[RECORDED INFORMATION Boundary: Start]

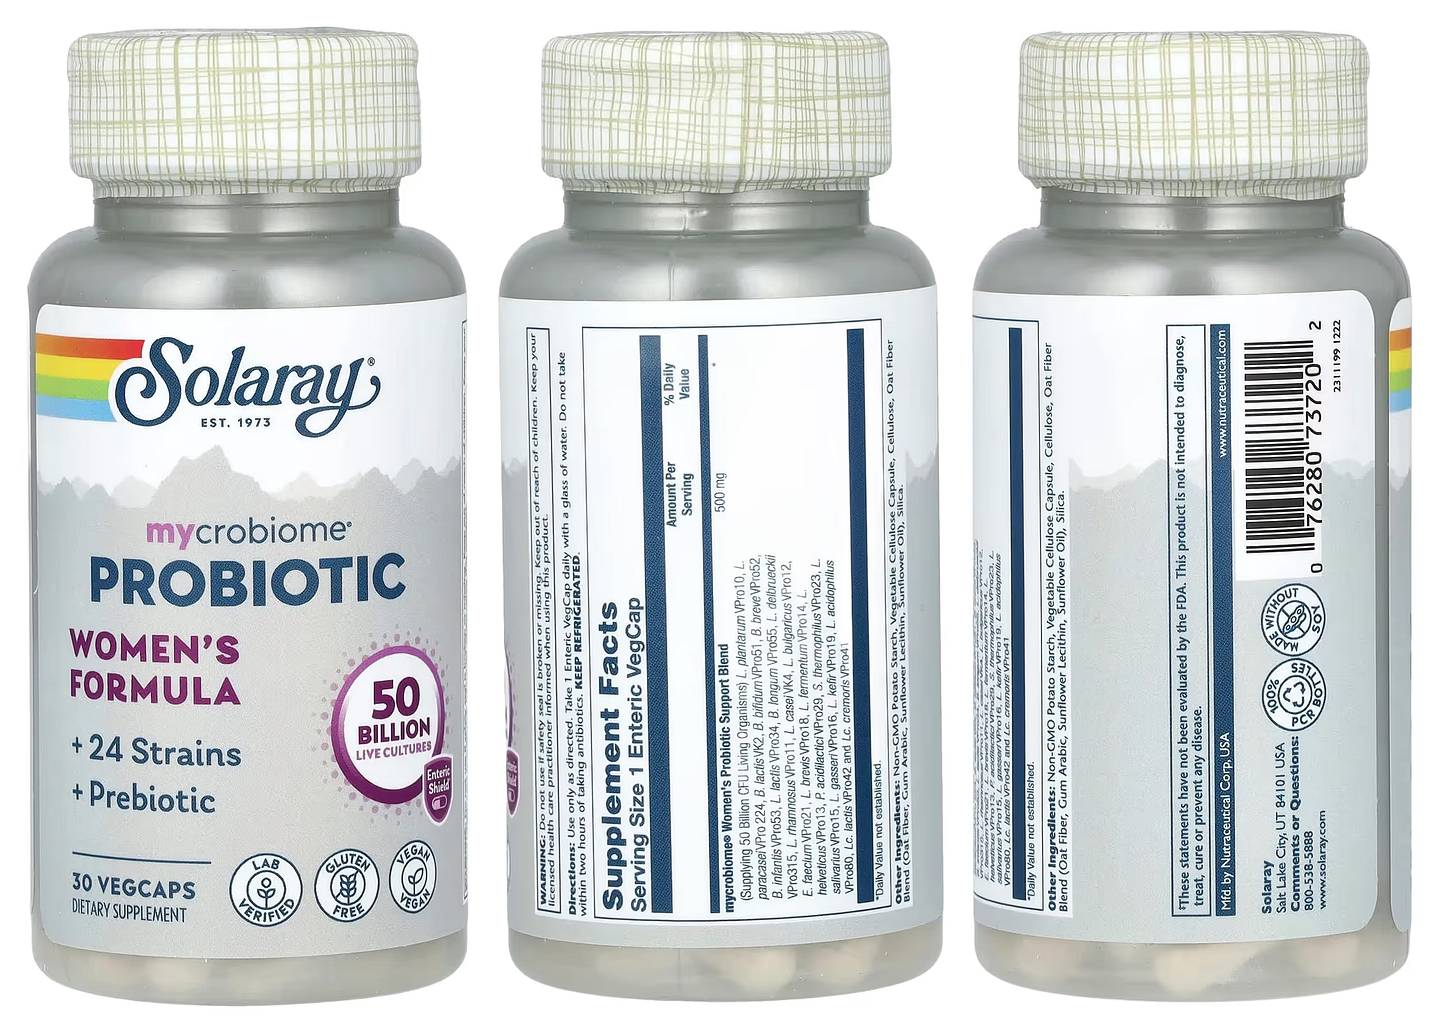 Solaray, Mycrobiome packaging
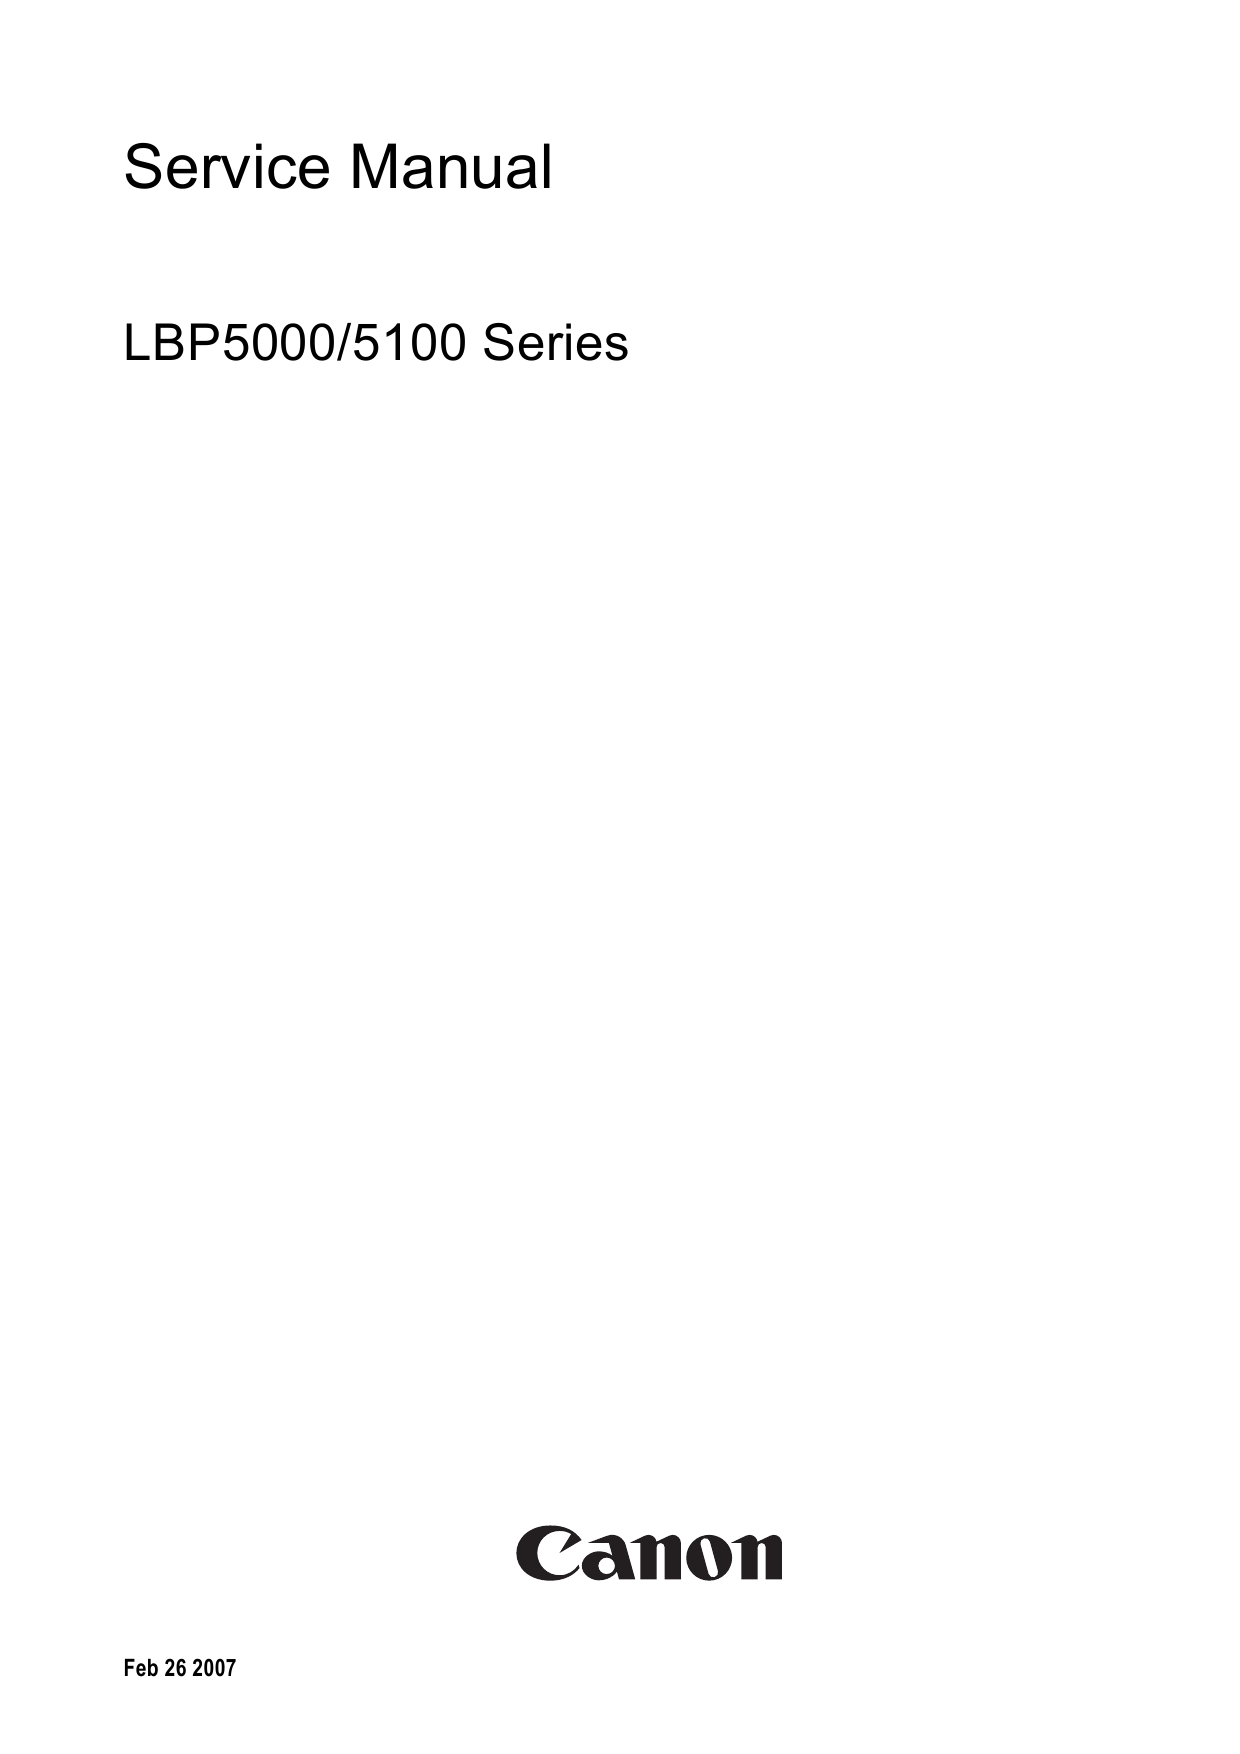 Canon imageCLASS LBP-5000 5100 Service Manual-1
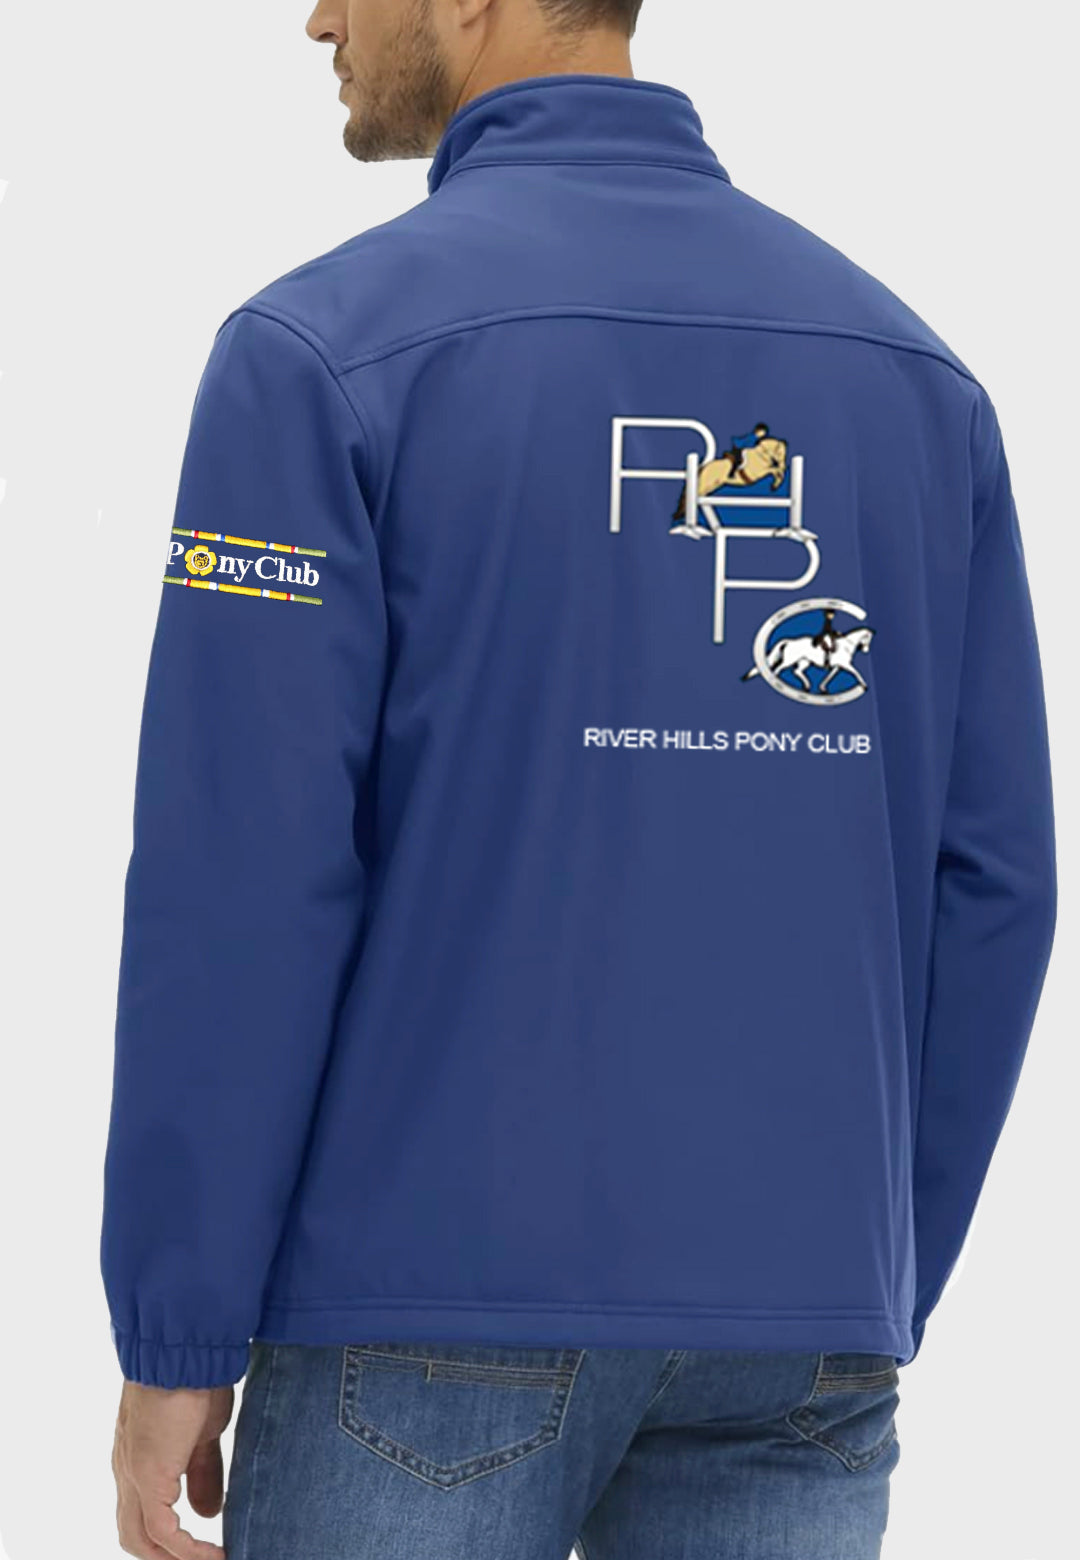 River Hills Pony Club TACVASEN Men's Softshell Fleece Lined Jacket

[RECORDED INFORMATION Boundary: End]

WORK REQUIRED:
When you restate the listing, keep every word as it is and drop the pictures.

FINISHED EXERCISE:
 Solaray, Mycrobiome packaging
 Canon imageCLASS LBP-5000 5100 Service Manual-1
 River Hills Pony Club TACVASEN Men's Softshell Fleece Lined Jacket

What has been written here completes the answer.